Several models have been developed to study normal and diseased skin and provide an important tool to study pathology progression and development. Here, we have presented an overview of the three main types of skin models: in vivo, ex vivo, and in vitro.

In vivo models are useful tools to understand highly complex skin processes, including immune and toxicological responses to external stimuli and tumor progression and spread. Moreover, they allow the evaluation of the efficacy of new therapeutic intervention strategies. Animal skin, however, presents structural and genetic differences from human skin, hampering the correct prediction in the human context.

Ex vivo models are highly suitable to study human skin biology, as they contain all the major cellular and structural components of human skin. Their main disadvantage is the requirement of constant tissue supply and the donor variation they introduce.
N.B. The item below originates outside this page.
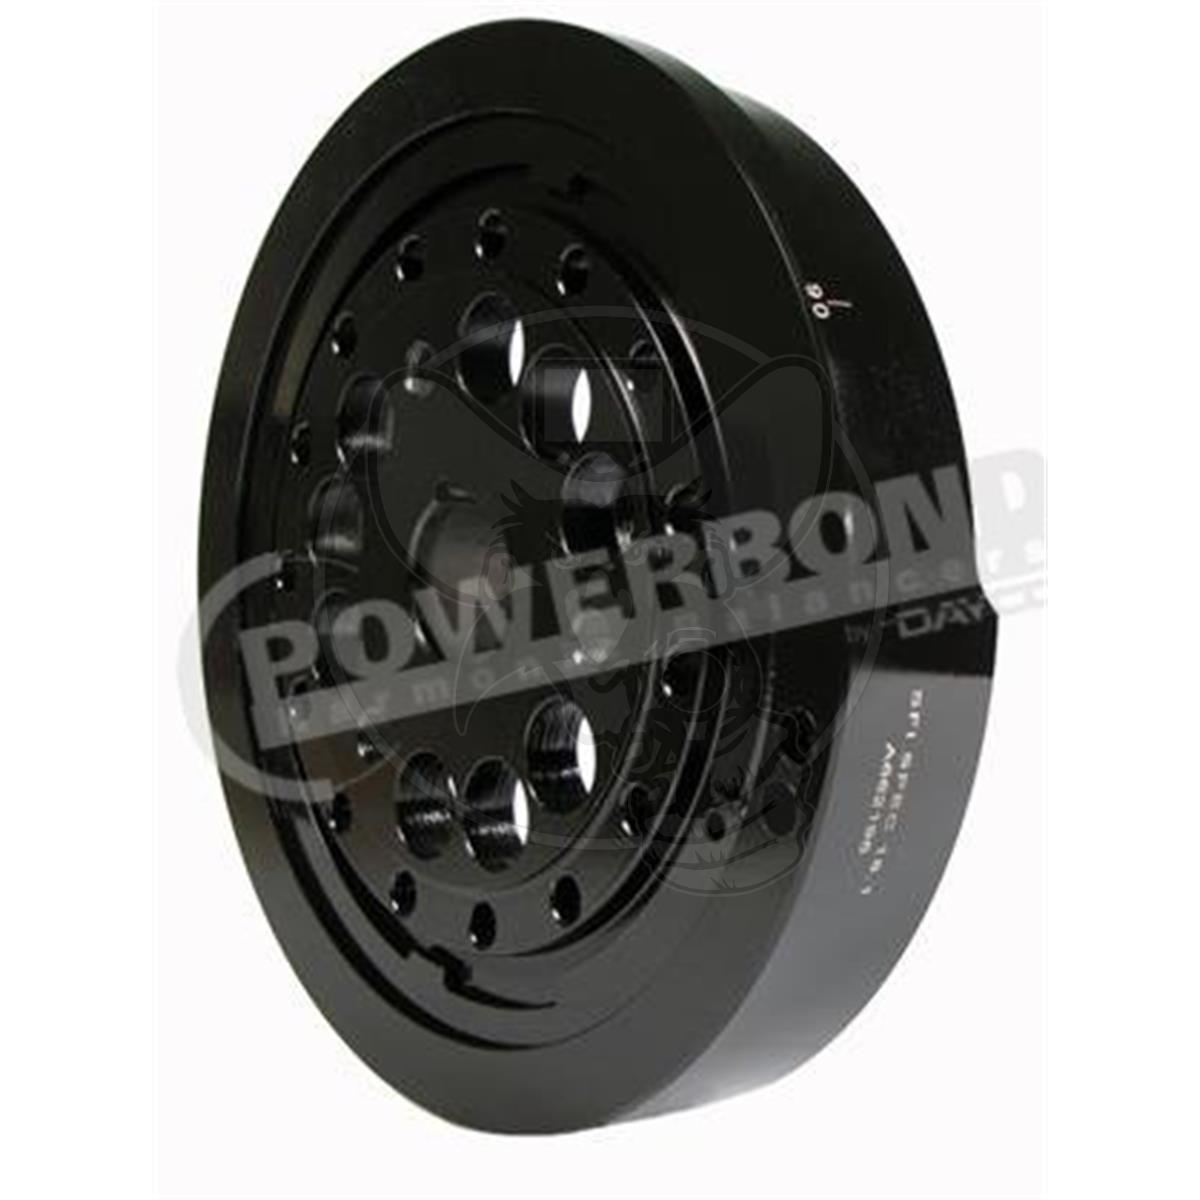 Powerbond Balancers PB2221-SS 7 SFI Approved Steel Harmonic Balancer for Small Block Chevy

In vitro models are a powerful alternative, as they are of human origin, do not require a continuous supply of biopsies, and contribute to the reduction of animal testing. Recent efforts have led to the development of different models of healthy and diseased skin. Many of them are represented by 2D cultures, only involve the use of cell lines, or do not take into account the interaction between the tumor and its micro-environment, even though this interaction is crucial in tumor growth and metastasis [1, 31]. The challenge now is to culture cells with malignant potential in the context of a 3D network of healthy cells. Additionally, models including immunological components could open the avenues for systems in which malignant cell responses are also affected by the immunological human context, allowing a closer representation of reality.

Conclusion

In vitro models are a powerful and promising tool to increase our knowledge of many biological properties of human skin. Still, the methods and technology have to evolve in order to better reflect the in vivo situation. As no model reproduces all the features of the skin, the system of choice should represent the specific condition to be studied, which is easily achievable thanks to the customizable properties of 3D skin models.